Audi Claims Lead in Trapping Tire Microplastics

Audi’s environmental organization is claiming a breakthrough in trapping microplastics from tires and brake linings that are polluting the waterways.

The Audi Environmental Foundation has developed filters for urban runoff in conjunction with the Technical University of Berlin. These claim to prevent tire wear particles and other environmentally harmful substances from being washed into sewers and bodies of water along with rainwater and, ultimately, polluting the oceans. Researchers now say initial field and lab tests have now demonstrated the efficiency of the system.

An estimated 110,000 metric tons of it ends up on the streets in the form of microplastics every year in Germany alone. The project began in 2020 with tests both on and off the road.

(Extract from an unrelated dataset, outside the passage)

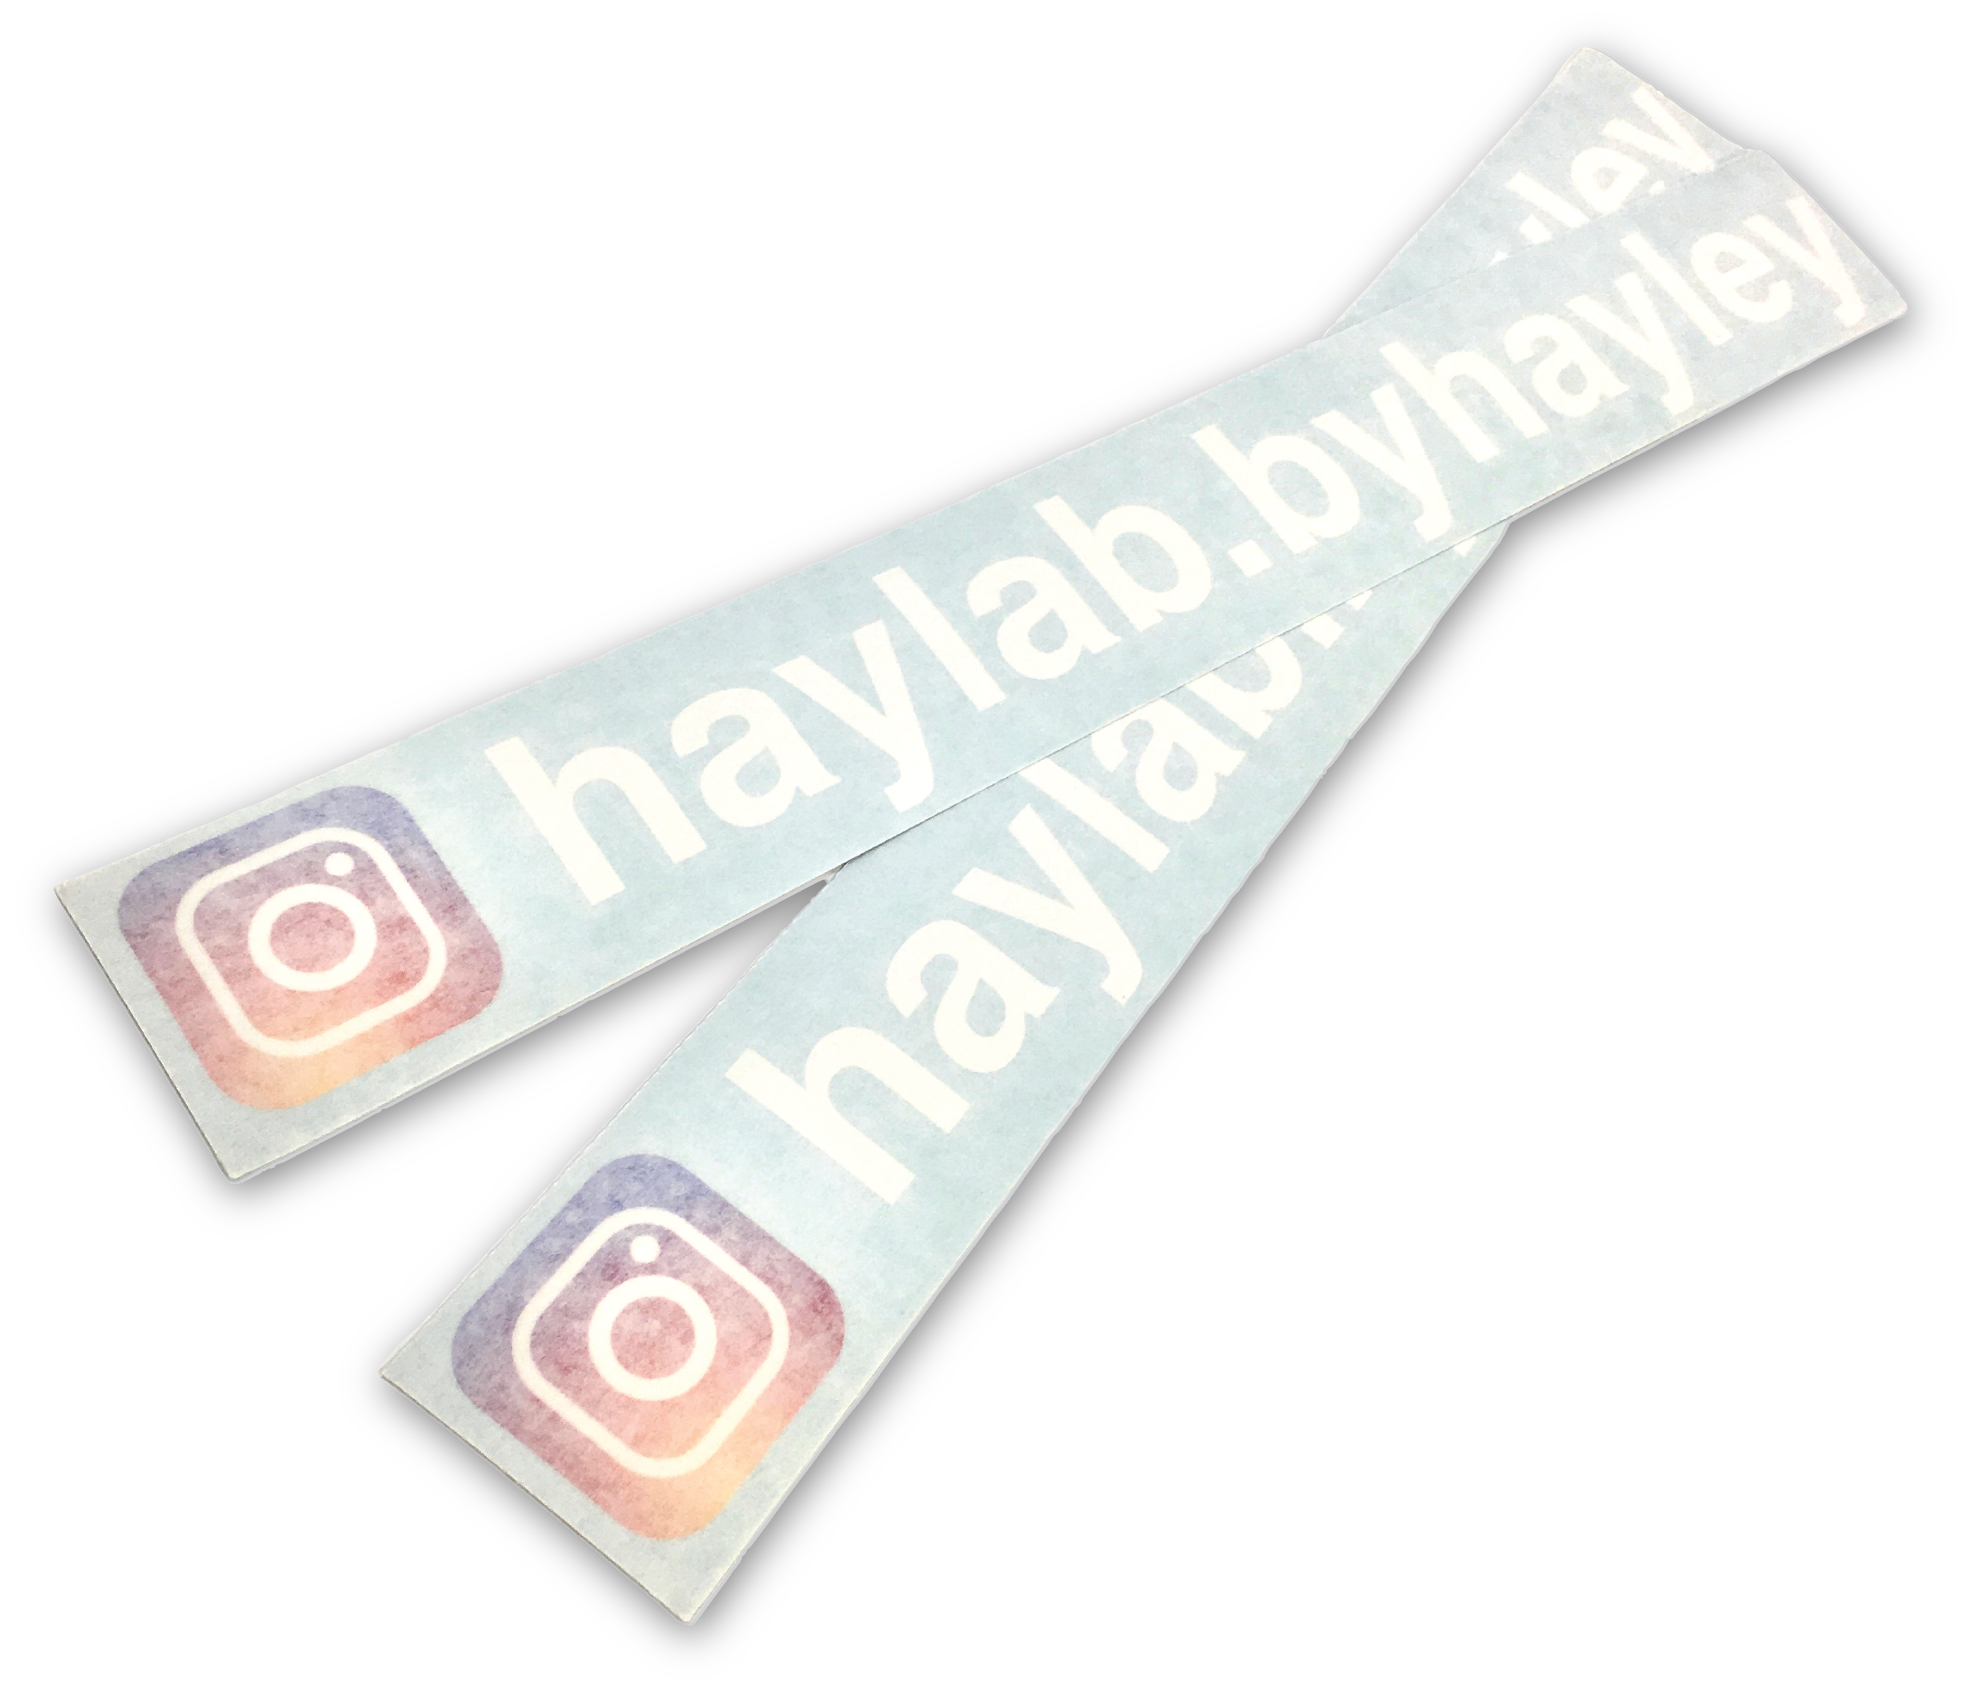 Instagram Full colour sticker

Laboratory tests at the university have shown that the filters work very effectively. Without clogging up, the filters managed to permanently trap “genuine” street cleaning waste, cigarette filters, microplastics in the form of plastic granulates up to three millimeters in size, candy wrappers and lids of disposable coffee cups.

For more than a month, a filter has also been deployed on a busy road in Berlin. The UrbanFilter successfully mastered its first stress test during a series of storms in mid-February. It is due to remain in service at its present location until the end of the year. The researchers want to take samples both of the intake and of the water draining away to determine its effectiveness in real-life operating conditions throughout the seasons. Furthermore, initial discussions are already underway with the ADAC Driving Safety Center in Berlin-Brandenburg to install filters on its routes to gain a better understanding of the filtering of wear particles in different driving situations.

The sediment filters are divided into three zones – street, sewer, and drain – and consist of nine modules. Up to three modules can be combined to achieve the best result depending on the location. In the uppermost area (road), this might be a special runoff channel. Below this, in the sewer itself, larger solids are filtered out, for example, with the aid of an optimized leaf basket or what is known as a filter skirt. The lowest area (drain) is about fine filtration, for which a magnet module can be used.

“Our goal is to take preventative actions wherever possible so that fewer microplastics get into the environment,” says Rüdiger Recknagel, director of the Audi Environmental Foundation.